In society at large, gender-bending is surfacing everywhere, from Saturday Night Live re-runs (the gender-indeterminate character "Pat" and "Lyle: The Effeminate Heterosexual") to films like Billy Elliott. The life of a gender-atypical person could be traced in a triple bill of recently released movies: Ma Vie en Rose, a portrait of a little French boy whose intense desire to be a girl causes anguish in his family; But I'm a Cheerleader! , a satire of the (real life) treatment centers where teenagers suspected of homosexuality are sent to learn appropriate behavior, dress, and desires; and Boys Don't Cry, the true story of a teenage girl named Teena Brandon who adopted the persona of a boy (Brandon Teena) and was murdered because of it.
But pop cultural interest in gender-bending, along with the now decades-old academic interest in Madonna, RuPaul, and "subverting the dominant paradigm," hasn't had much effect on how middle American mamas (or daddies) treat their offspring. How many parents--even the really committed liberals among us--dress their baby boys in frilly pink? How many would slip the matching floral headband on his head? How many of them are inordinately relieved when their daughter agrees to put on a dress to visit Grandma?
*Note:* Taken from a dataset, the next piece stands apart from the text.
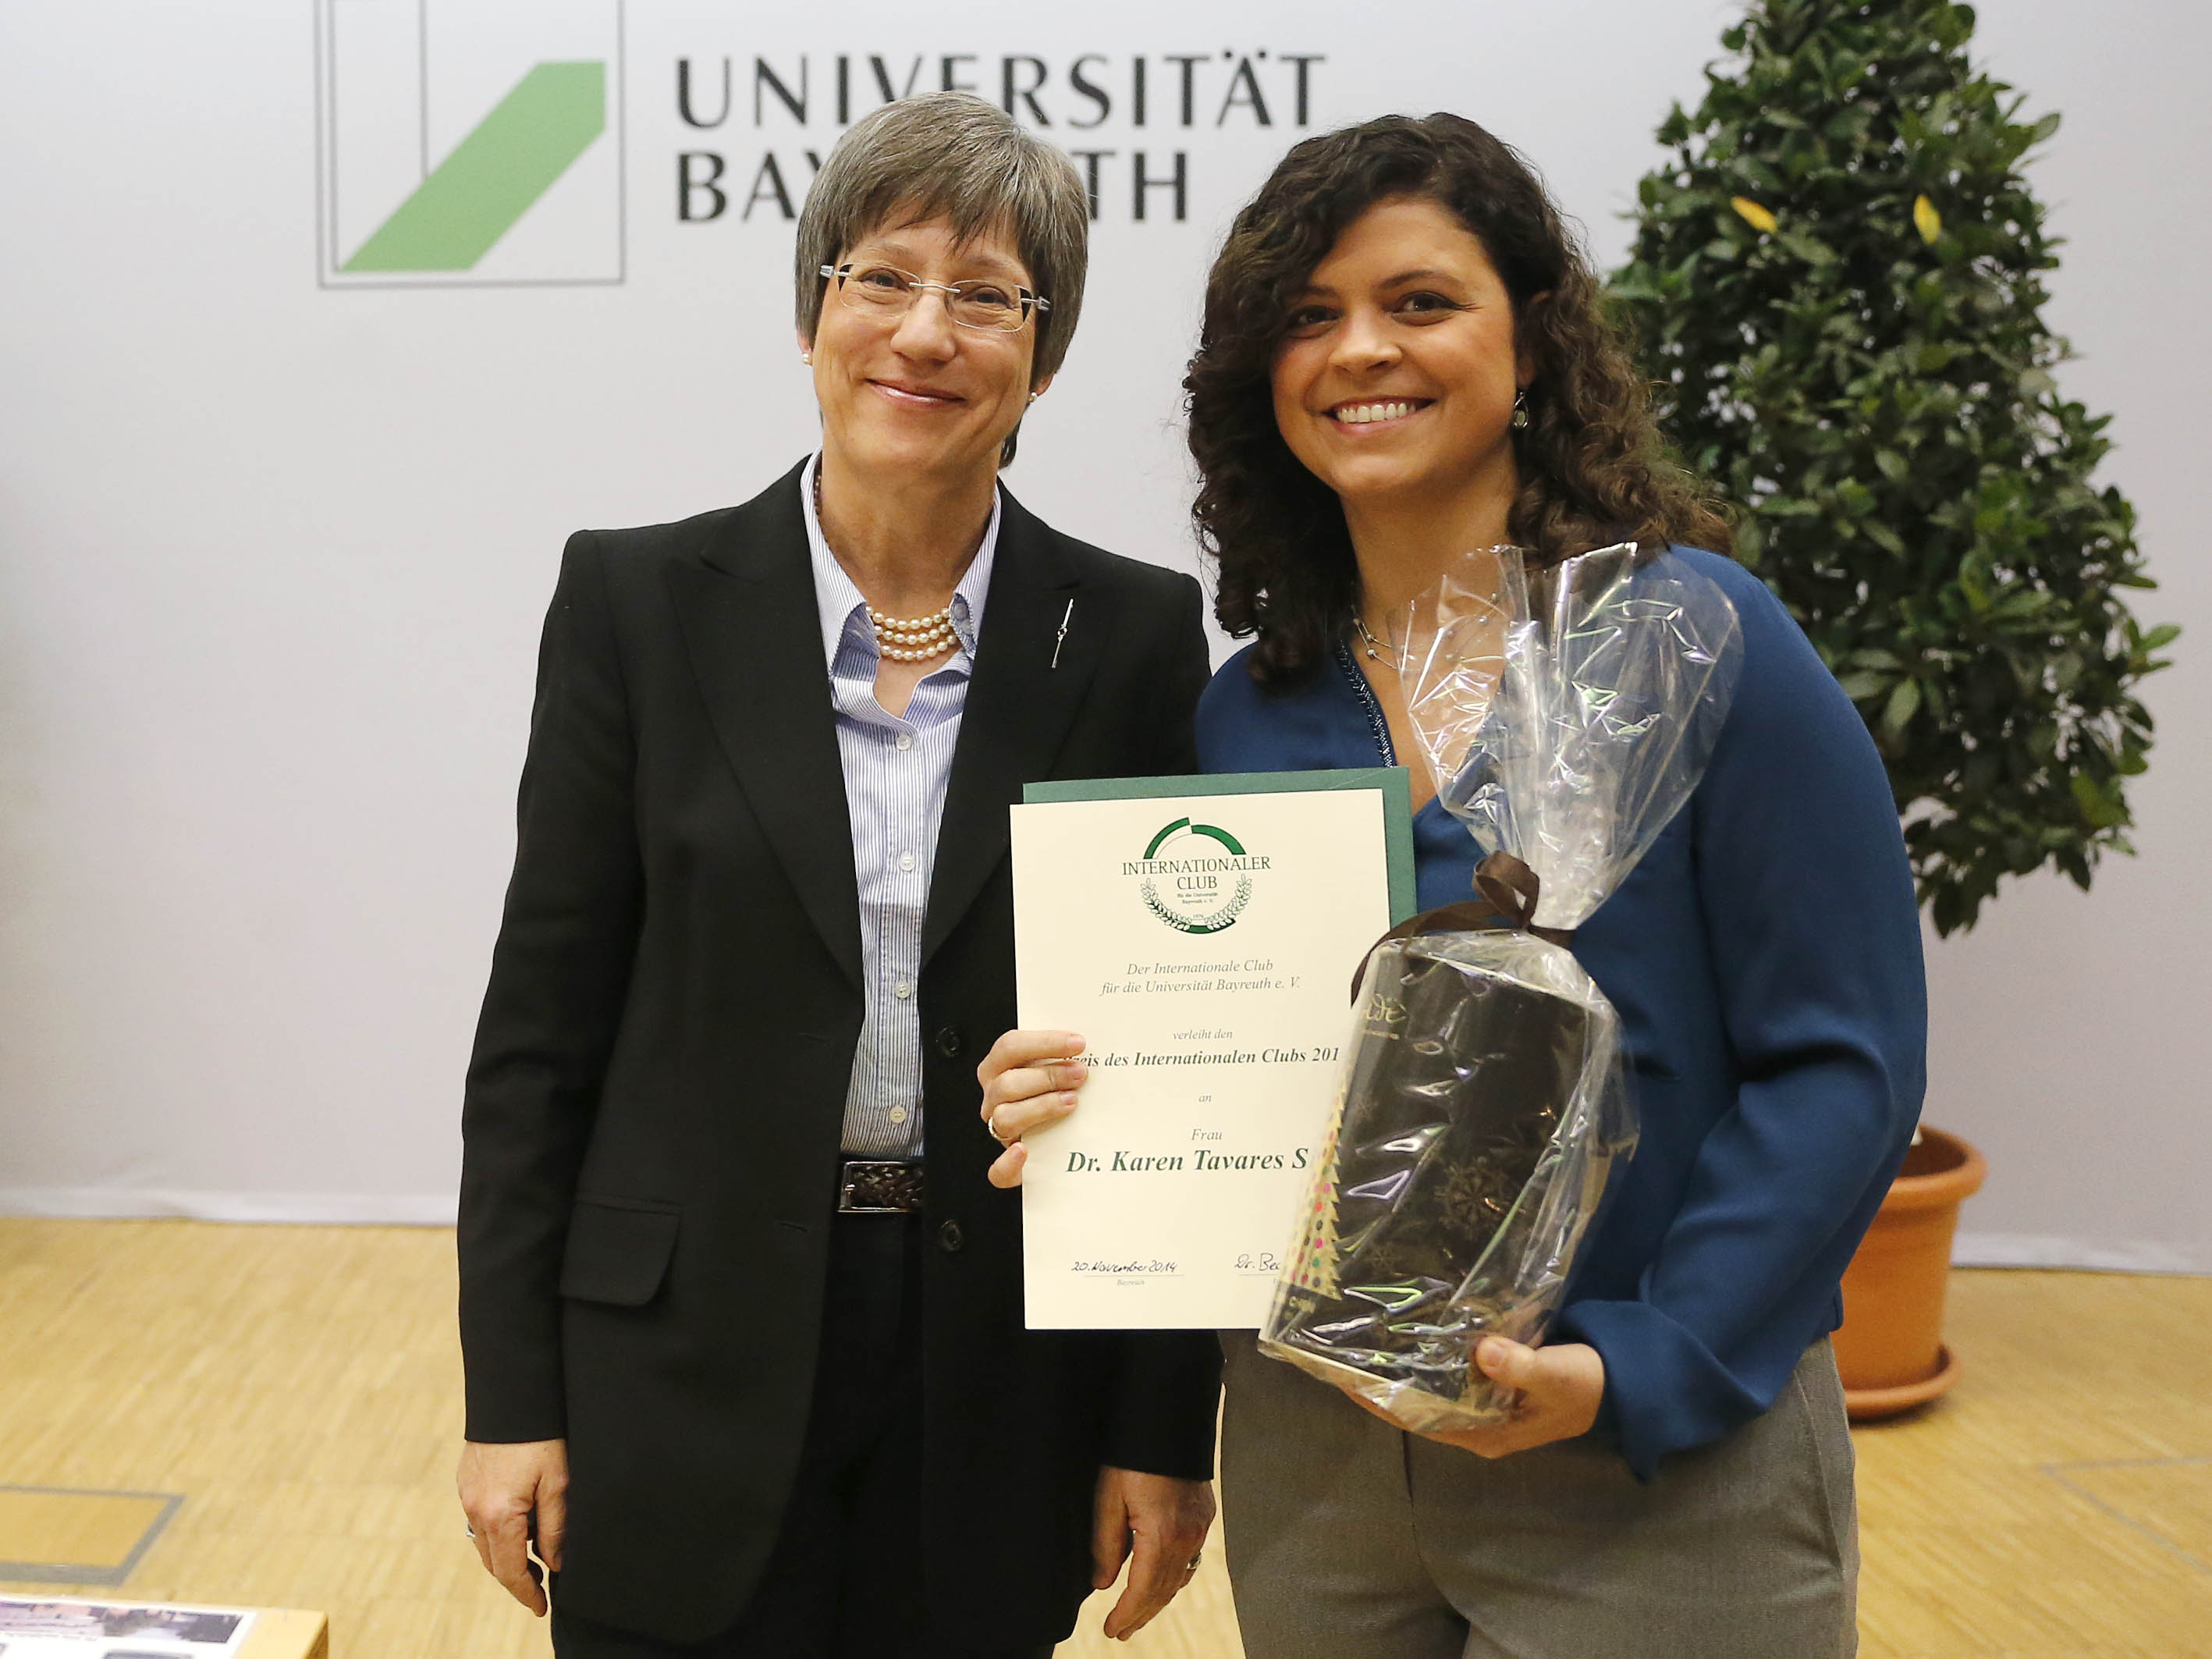 Dr. Karen Tavares Silva Akademische Jahresfeier 2014 Universität Bayreuth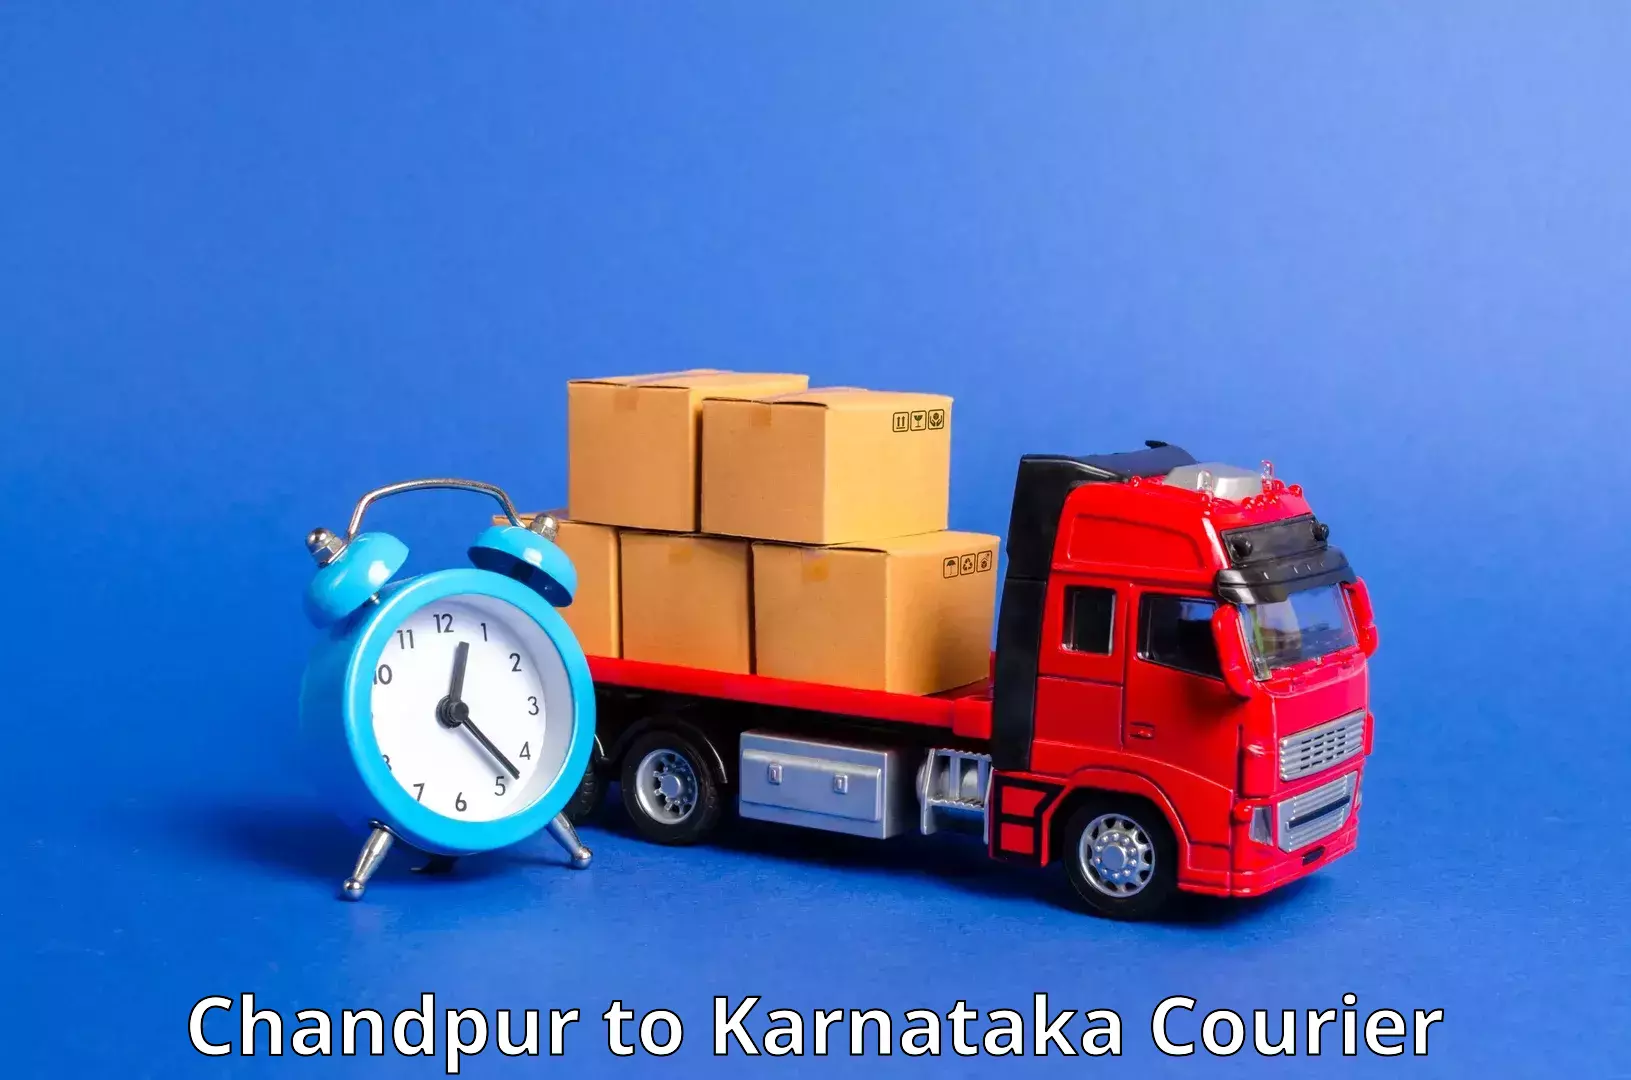 Fast delivery service Chandpur to Basavakalyan

We proclaim our willingness to embrace difference in our children and to "support them in their choices," yet we are still profoundly uncomfortable with certain specific boundary-testing behaviors. Decades after the idea of gender-neutral parenting came into vogue, we still mostly conform to stereotypes in everything from the toys we provide our toddlers to the clothes our teenagers wear or the color of the outfits we buy for our friends' newborns.
In 1993, Anne Fausto-Sterling published a paper in the journal The Sciences entitled "The 5 Sexes: Why Male and Female Are Not Enough." She claims that "labeling someone a man or a woman is a social decision. We may use scientific knowledge to help us make the decision, but only our beliefs about gender--not science--can define our sex. Furthermore, our beliefs about gender affect what kinds of knowledge scientists produce about sex in the first place."
If she's right, the controversy surrounding gender identity and the treatment of Gender Identity Disorder is not due to our incomplete understanding of human biology. It may be that we have created the myth of male and female and we are loathe to give it up.